Downfall 1945

Published on
Review Author(s)
Book Author(s)
Steven J. Zaloga
Other Publication Information
Illustrations by Steve Noon, 96 pages
Product / Stock #
Campaign 293
Company: Osprey Publishing - Website: Visit Site
Provided by: Osprey Publishing - Website: Visit Site

This book covers the end of World War II in Europe from the campaign level. There is little examination of tactics or individual heroism; instead it looks at the challenges and opportunities faced by the top-level military leaders as the Third Reich neared its end.

Until I read this book, I had the concept that the Western Allies (US, Britain, France) had a pretty easy time after stopping the Ardennes Offensive in December 1944, and moved up to the Elbe River line to wait for the Russians. At the same time, I thought the Russians were pretty much beating up on the Germans and making their way toward Berlin and eventual victory. I was pretty much wrong.

After the Ardennes, the Wehrmacht was weakened, but not out of the game. They still held an area of the Netherlands that prevented the use of Antwerp as a port, making the supply situation poor to sometimes critical for the Allies. Also, after the Rhine line was taken Heeregruppe B was still occupying the Ruhr industrial area, held there by Hitler’s “No retreat” policy. So the situation in the West wasn’t a walk in the park.

On the eastern side, the Russians ran into Germans who fought like fanatics. This was mostly because the Soviets remembered all too well the German treatment of Russians in 1941 to 43, and they were (literally) taking no prisoners.

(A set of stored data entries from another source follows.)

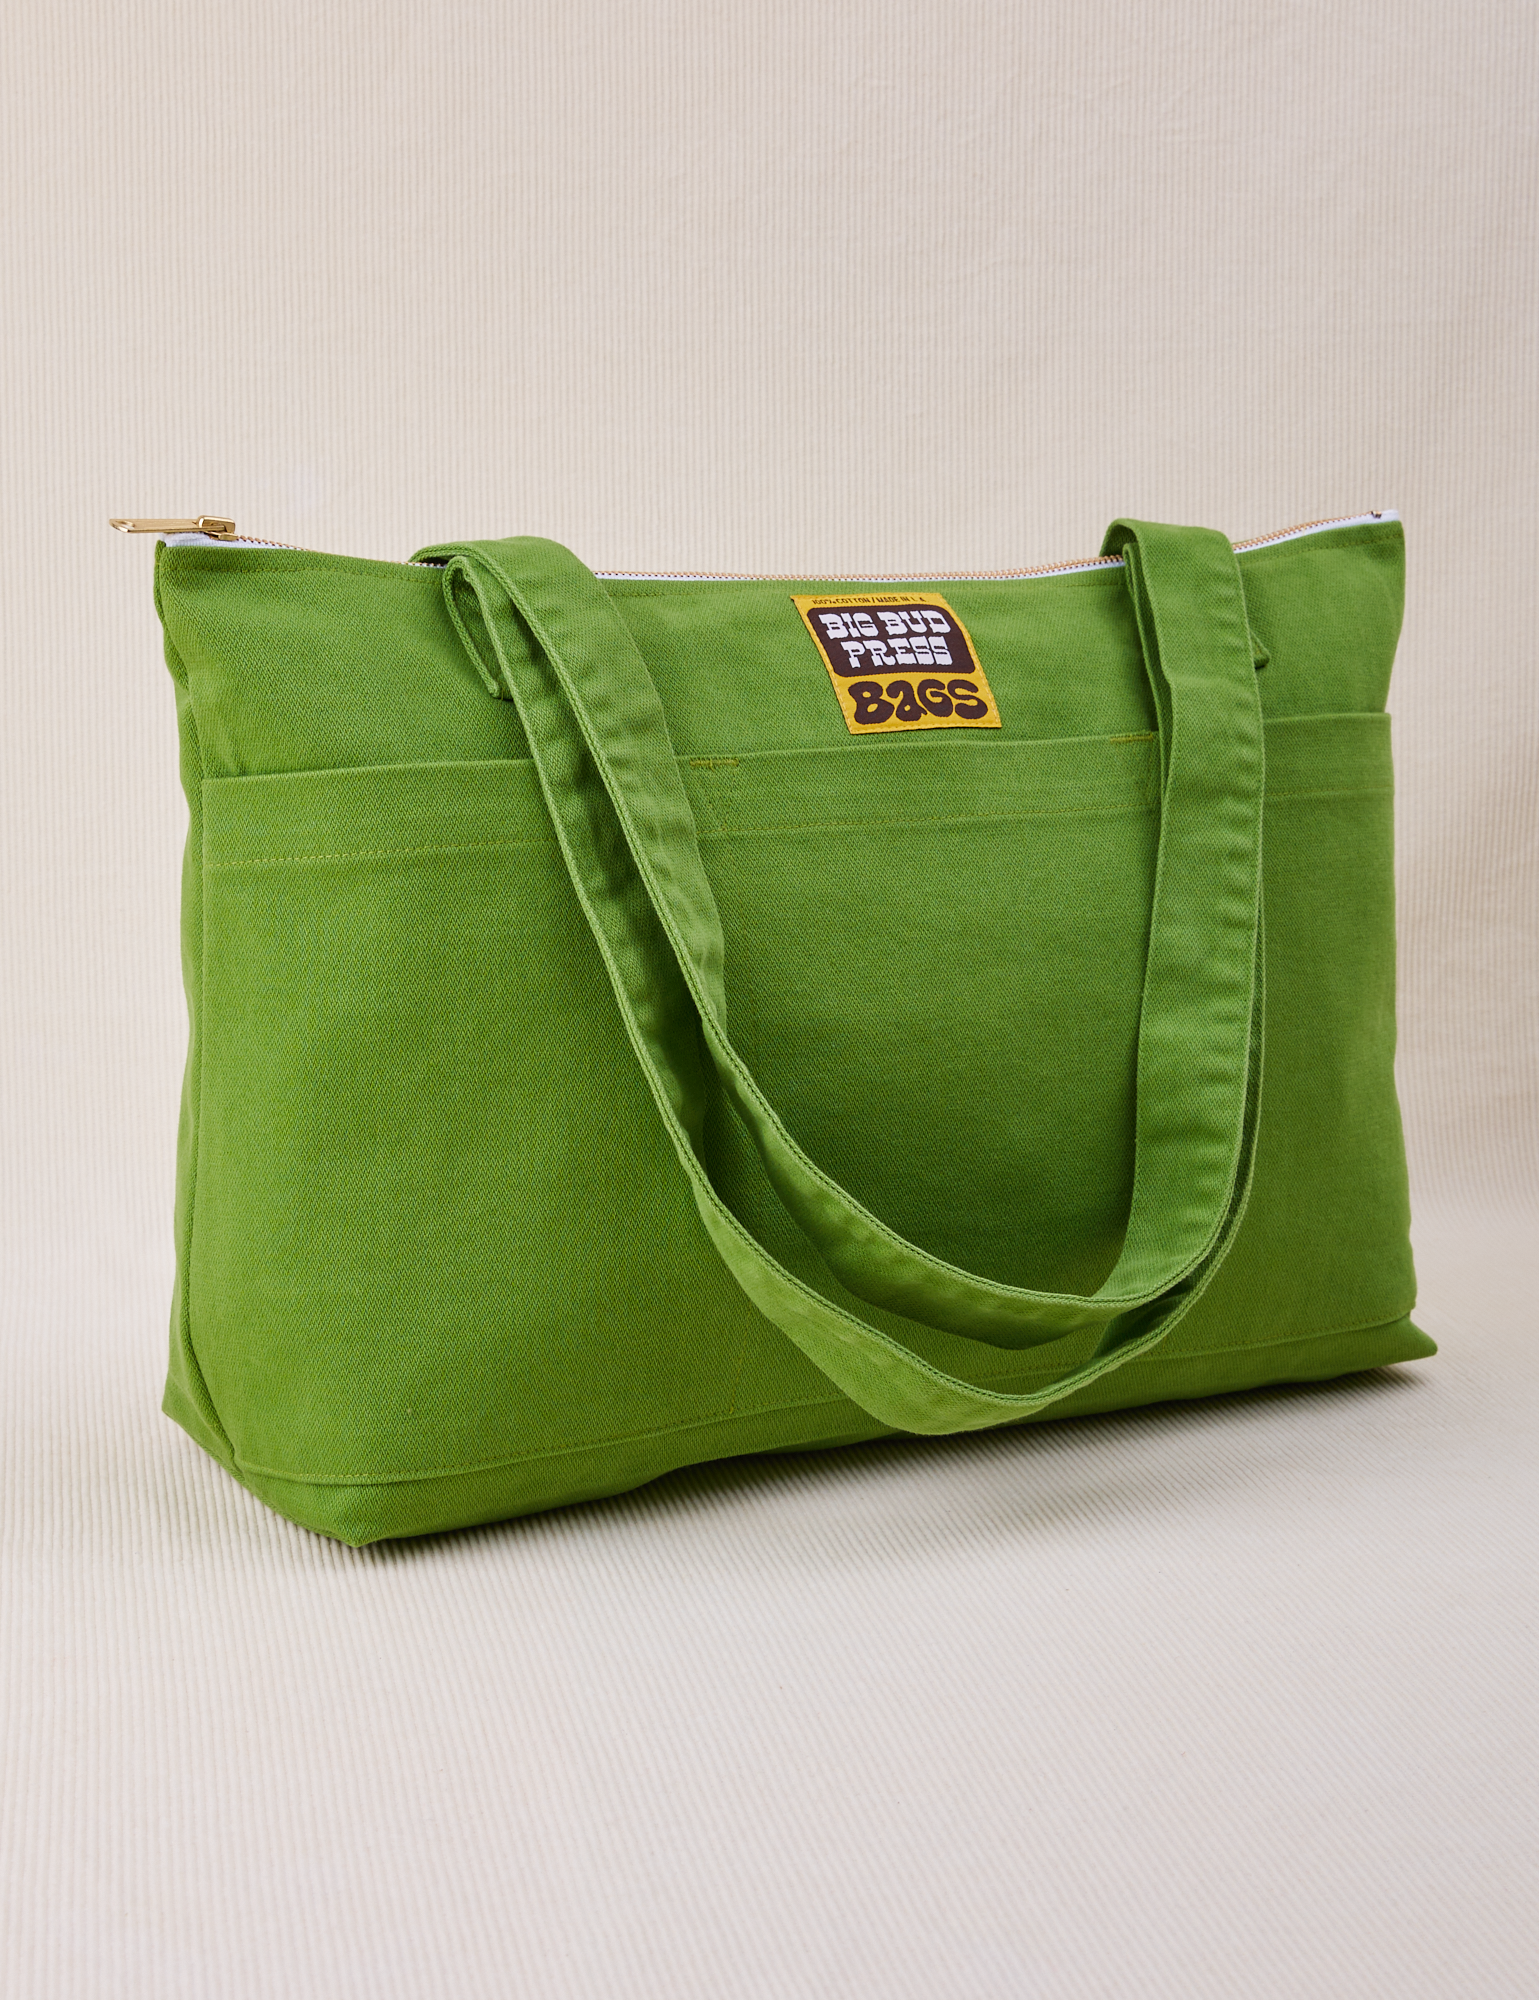 XL Zip Tote in Bright Olive
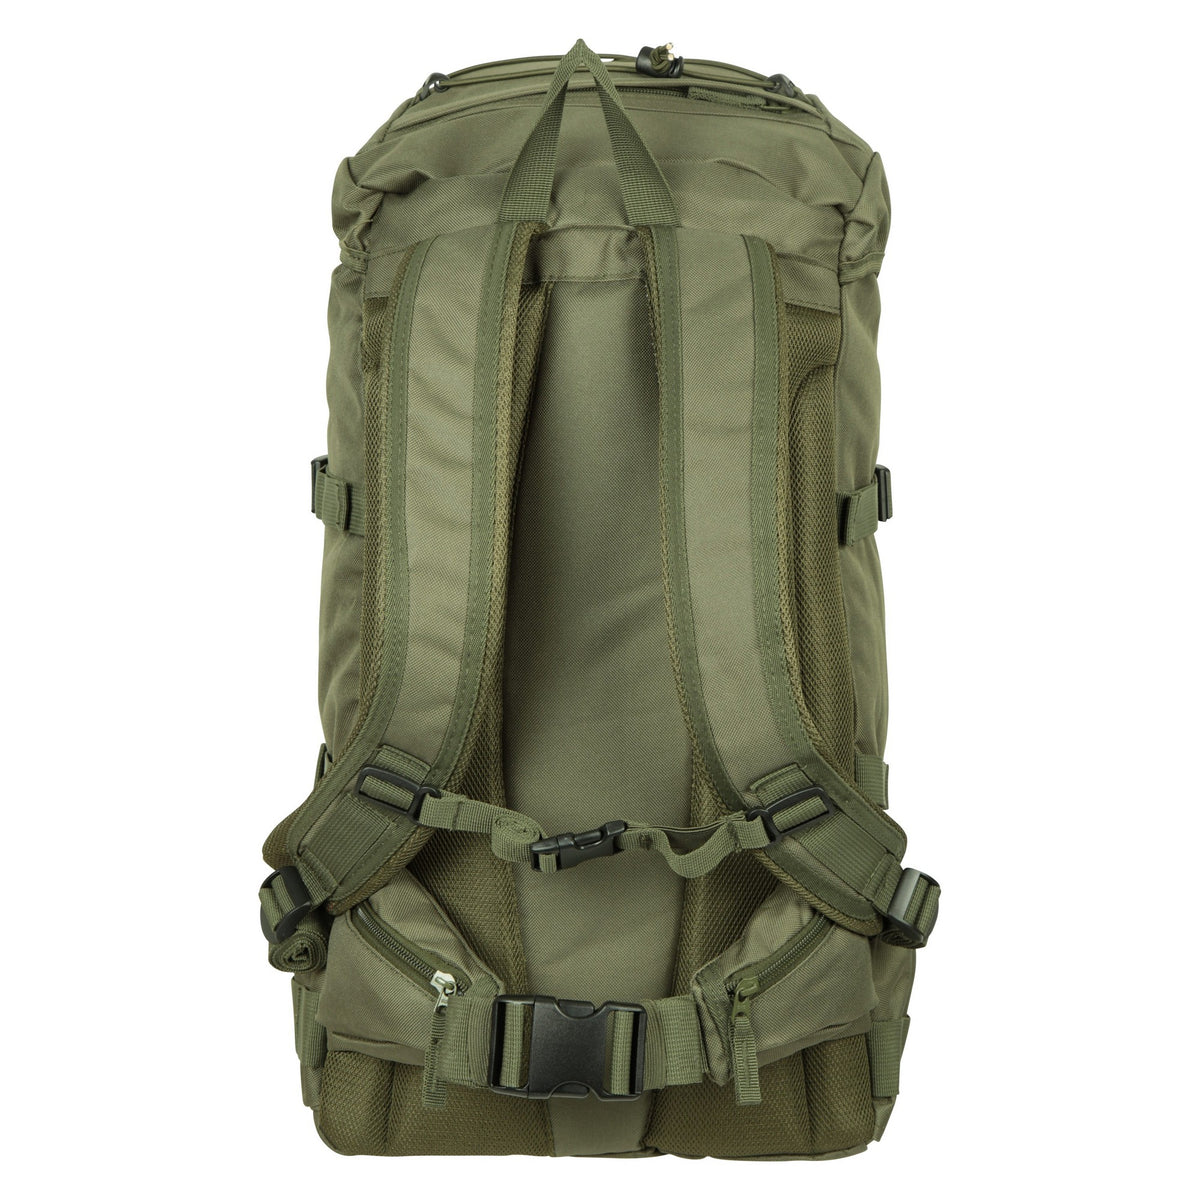 Mountain Warehouse High 50L Backpack | Discounts on great Brands
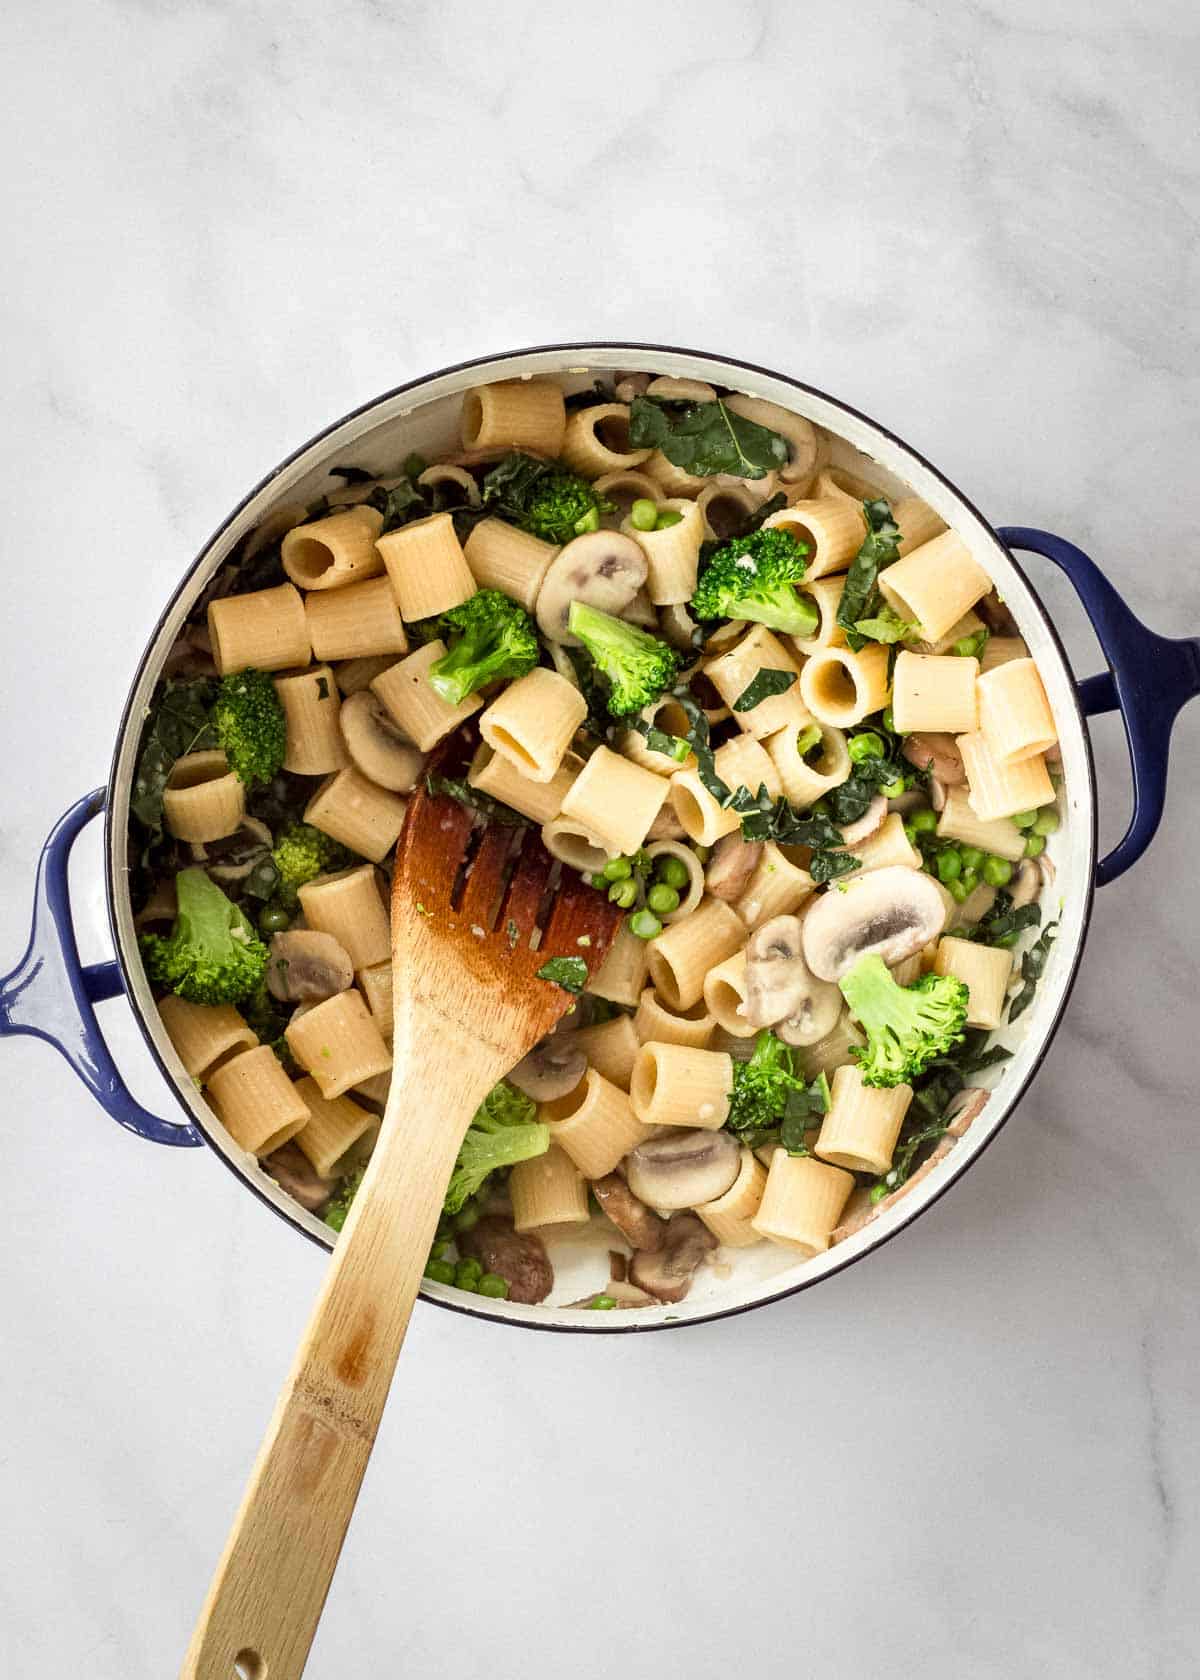 Large pot containing pasta with mushrooms and broccoli being cooked.

This book follows both sides as the end nears and then passes for the Third Reich. The political maneuvering is particularly interesting. Some Western generals were all for passing the agreed upon line of the Elbe River to move to the western suburbs of Berlin, particularly Potsdam. General Eisenhower nixed this, as he didn’t want to have to deal with the Russians as they came into Berlin. The chances of mistakes and someone firing on “our side” were too great.

Lest one think that the last 6 months of the European campaign were easy, the Russians suffered as many casualties as they did in a similar period in 1943 or 1944. The western front had some big problems too, with literally millions of civilians and German deserters trying to cross their lines to shelter from the Russian advance.

The sections of this book are:

  • Introduction
  • Chronology
  • The Strategic Situation
  • Opposing Commanders
  • Opposing Armies
  • Opposing Plans
  • The Campaign
  • The Campaign Perspective
  • The Battlefield Today

Many thanks to Osprey Publishing for the review book, and to IPMS USA for the chance to review it.